The title comes from a favorite saying from a long-time reader back in the day, and I recalled it for a couple of reasons.
First, I learned that a favorite coffee house I used to frequent as a med student had shuttered back in 2022. It was a place where Robin Williams had once been spotted grabbing a pick me up after visiting a nearby comics store (I never saw him, although at a favorite crepe place across the street I once spotted Winona Ryder, in town for a film, an arrestingly beautiful pixie that made me lose the power of speech).
This was the place where I spent countless afternoons writing letters on what was then considered a state of the art PC laptop to a friend from my high school years - to this day my only reliable lifelong correspondence, if somewhat interrupted by child-rearing.
High ceilings, visible pipes and exposed beams, slightly industrial vibe. When I think back, it was not a particularly distinctive decor. It was a place where slender female baristas provided caffeinated solace from a particularly lonely time in life - the clinical rotation years when, schedule offset from my classmates in such a way that we seldom made social plans together, there was ample time alone with my thoughts.
A professor from med school whom I still call every month or two used to have an annual spiritual practice that took him to a Trappist monastery where he retreated for a week spent in silent contemplation.
This coffee shop was the closest I came to a comparable practice, and there's sadness in seeing a site that represents a vulnerable stage of my life vanish.
The second prompt is exciting news: my eldest, a high school senior, has committed to my alma mater for next year.
My wife, who feels every hurt and every victory twice as intensely as the kid experiencing it, is elated (it is also her alma mater).

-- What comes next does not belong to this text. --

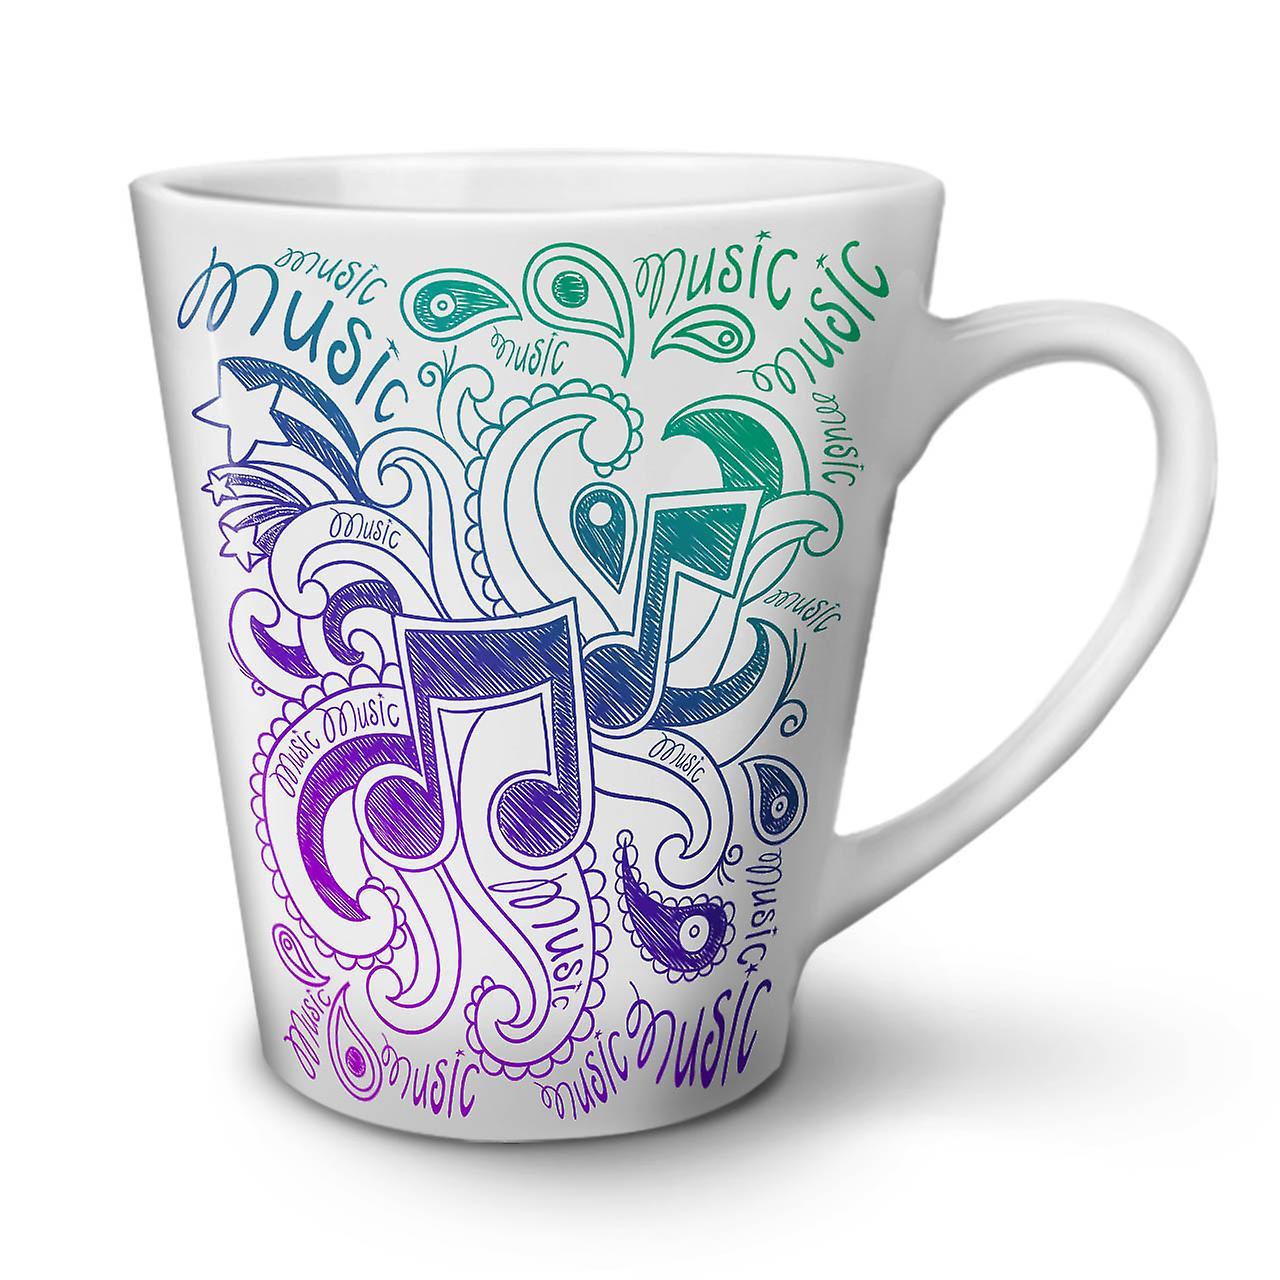 Nouvelle Café Céramique En Latte Ornement Blanche Musical Tasse 12 OzWellcoda mN08nwvO

Her feet have not touched the ground since the acceptance arrived, the eventual commitment by our kid a foregone conclusion in her mind.

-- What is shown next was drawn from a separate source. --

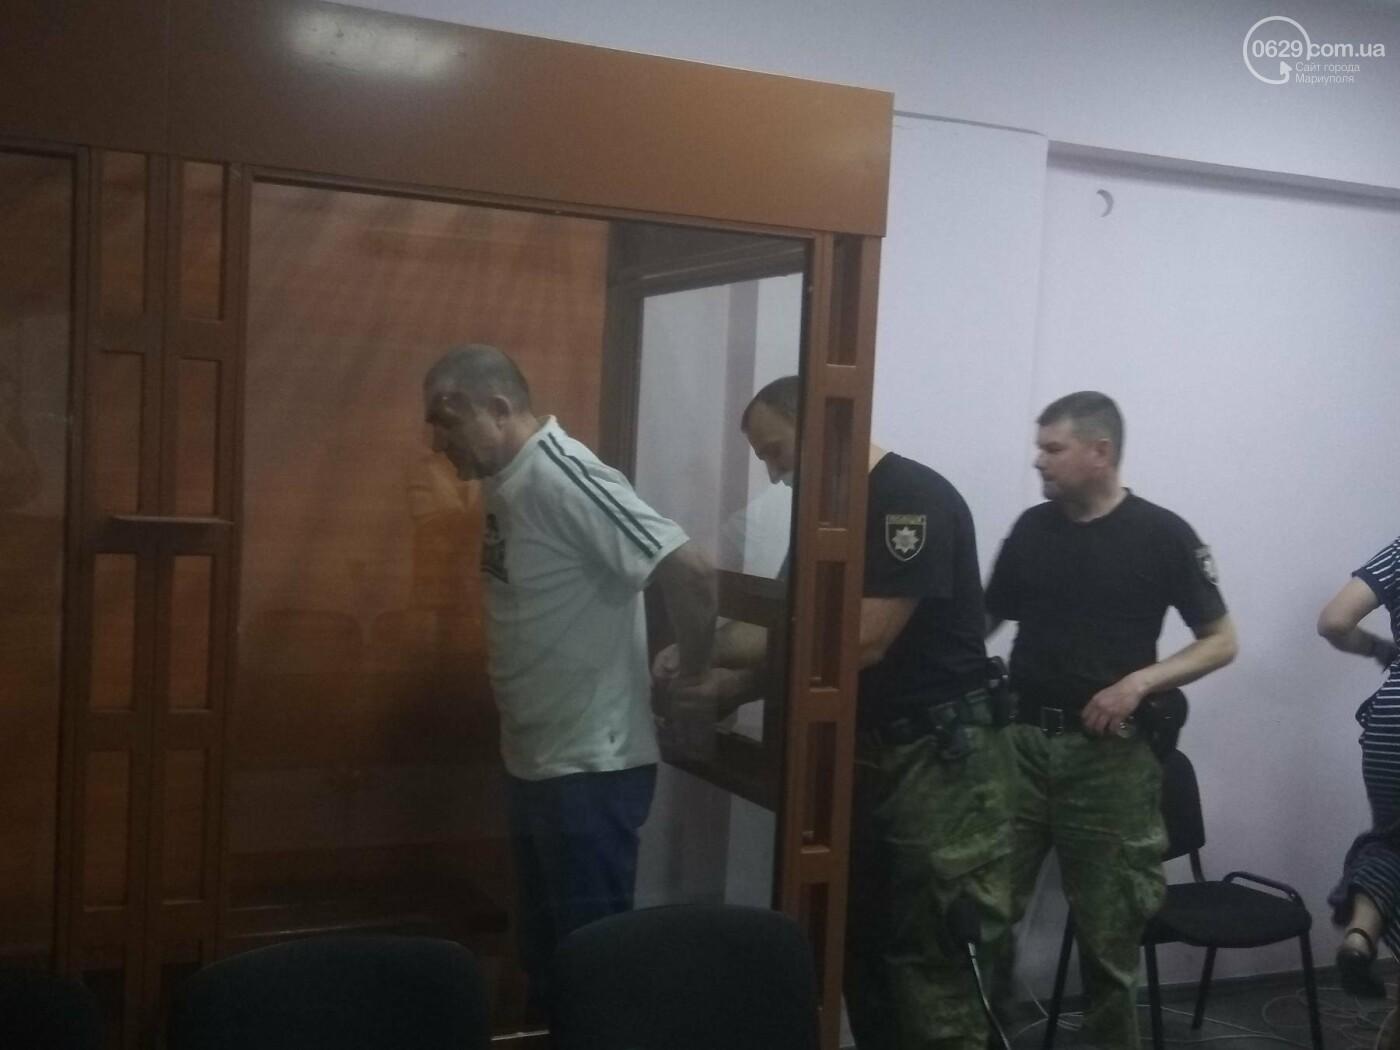 Суд над Кирсановым: подсудимый радовался захвату ДАПа и обсуждал «Смерчи», - ФОТО, ВИДЕО, фото-1

Last autumn, I attended my 30 year college reunion. My wife and I walked through campus recounting memories of time spent in now-demolished libraries, paper fights at movie screenings and brief brushes with classmates who would go onto notoriety, fame, and footnotes in history.
(As an example, one good-natured acquaintance who used to make out very publicly with a girlfriend on the outdoor wooden table at the campus coffee house would be forgotten for years, until I read about his bizarre death having been exiled from a cult in the Arizona desert decades later).
But I digress.
As we explored campus, we realized it was no longer our campus. The true mark that a place is no longer your home - that you've found a dentist and barber in another geography (I cut my own hair, so I'll stick to exclusively the former criterion), has been true for many years.
The ownership of a place overlayed on a physical layout that only partly reflects those memories is a dissonance that you can overlook only until someone else close to you attaches their more current claims to memories of the place.
That's going to happen when my former college becomes my daughter's university. I look forward to hearing her tell her own story and introduce us to the memories she is yet to make.
I write this as she and I sit side by side in a local coffee house, and there's a defninite thrill to intertwining my past with her future.